Las rayas de la cebra

- Verónica Murguía - Sunday, 24 Jan 2021 00:21 Compartir en Facebook Compartir en Google Compartir en Whatsapp
Del polvo en el rincón

 

Uno de los efectos de la cuarentena es que, muchos que no conocíamos a fondo nuestras casas, hemos aprendido a limpiar hasta el último rincón con más eficacia. En el caso de nuestro departamento, hemos analizado nuestra propensión a comprar los mismos libros varias veces, la incapacidad de mi marido para tirar a la basura cualquier artefacto dotado con enchufe y mi malhadada costumbre de acumular zapatos y suéteres.

Aquí debo decir que suelo usar tenis. ¿Por qué tengo tacones, botas, sandalias de tiras, zuecos y hasta babuchas marroquíes? Me temo que por una suerte de optimismo fantasioso: creo que algún día me los pondré y me convertiré ipso facto en una señora sofisticada.
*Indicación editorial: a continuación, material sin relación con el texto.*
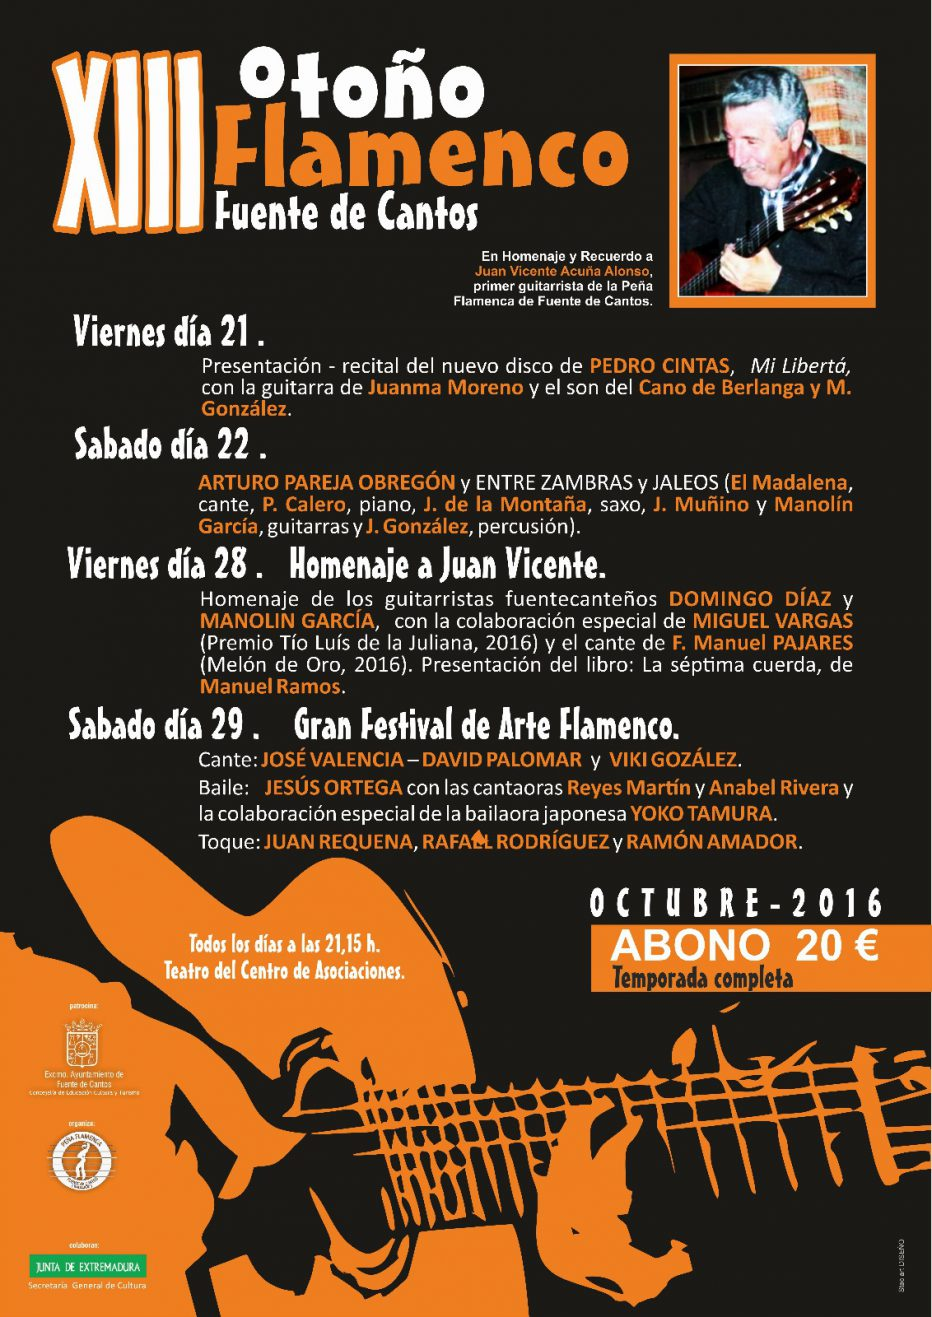 Otoño Flamenco 2016

Si añadimos a esto que el refrán “ojos que no ven, corazón que no siente”, se puede aplicar a la despensa con una variación sencilla (ojos que no ven, no se te ocurre abrir la lata) o al botiquín (ojos que no ven y esto caducó hace tres años), el resultado es que por toda la casa había plumas sin tinta, libretas deshojadas, frascos de jarabe cristalizado, ropa luida y uno que otro VHS.

Hemos adelantado. Llevamos meses tirando cosas y veo cómo asoma el pasado en forma de objetos que habían sido olvidados en los libreros y clósets. También se ve un futuro más ordenado, al menos en lo material. No niego, sin embargo, que de pronto me asalta el horror vacui.

Todos tenemos algo de acumuladores. Miedo a perder cosas materiales en las que, erróneamente, depositamos afectos y significados. Miedo a que se desdibuje por completo el pasado. A que los recuerdos o hasta una porción de identidad se vayan a la porra con la colección de películas o agendas usadas. A que el futuro nos sorprenda sin esa sudadera que ha probado su utilidad hasta quedar convertida en un harapo.

En estos meses, acicateada por el impulso opuesto, el de tirar todo, me he acercado a muchos libros sobre el tema. Leí la autobiografía de Kimberly Rae Miller, en la que cuenta cómo su padre acumulaba los periódicos y las revistas en la regadera hasta que la familia se tenía que bañar a jicarazos, y cómo la casa familiar se incendió, atestada de papel, cajas de cartón, latas, botellas y radios descompuestos.

También he leído libros escritos por personas que se han dedicado profesionalmente a limpiar, desde casas normales hasta escenas de crímenes. Leí la vida de una mujer que ganó una fortuna limpiando desnuda excepto por un par de tacones de charol –sin contacto, pero con los dueños presentes. De otra que se especializó en asear casas invadidas por moho. La mayoría coincide en señalar que casi toda la gente, incluso aquellos que apenas tienen lo necesario, compra de más y tira menos de lo que le conviene.

No todo el mundo es así. Tengo cerca a personas que sólo tienen lo indispensable. Cuando hemos hablado del tema, me interrogan acerca de, por ejemplo, por qué compro el mismo libro dos veces o tres paquetes de la harina que más me gusta.

No creen que si pierdo el libro ya no lo podré recuperar, o que la harina deje de venderse. Confían en el mundo. En cambio, yo creo a pie juntillas que, si no tengo al menos dos ejemplares, o si no aprovecho que hay harina integral en ese momento, el resto de mi vida lo tendré que pasar sin releer mis novelas favoritas o sin comer hot cakes.

He llegado a dos conclusiones. Una: que el trabajo doméstico en México está pésimamente pagado, aunque vale oro. Esto se ha hecho tan obvio, que dudo que haya alguien capaz de negar que se deben pagar sueldos mucho mejores, con seguro social, antigüedad. Dos: que, si prestáramos atención a los motivos que nos impulsan a comprar y a almacenar cosas, no gastaríamos tanto. Aumentarían el espacio físico, la posibilidad de ahorrar y el tipo de orden mental que nos hace falta para reflexionar.

Con esa nueva perspectiva, en el momento en el que terminara la cuarentena, podríamos salir a la calle y cambiar la vida puertas afuera.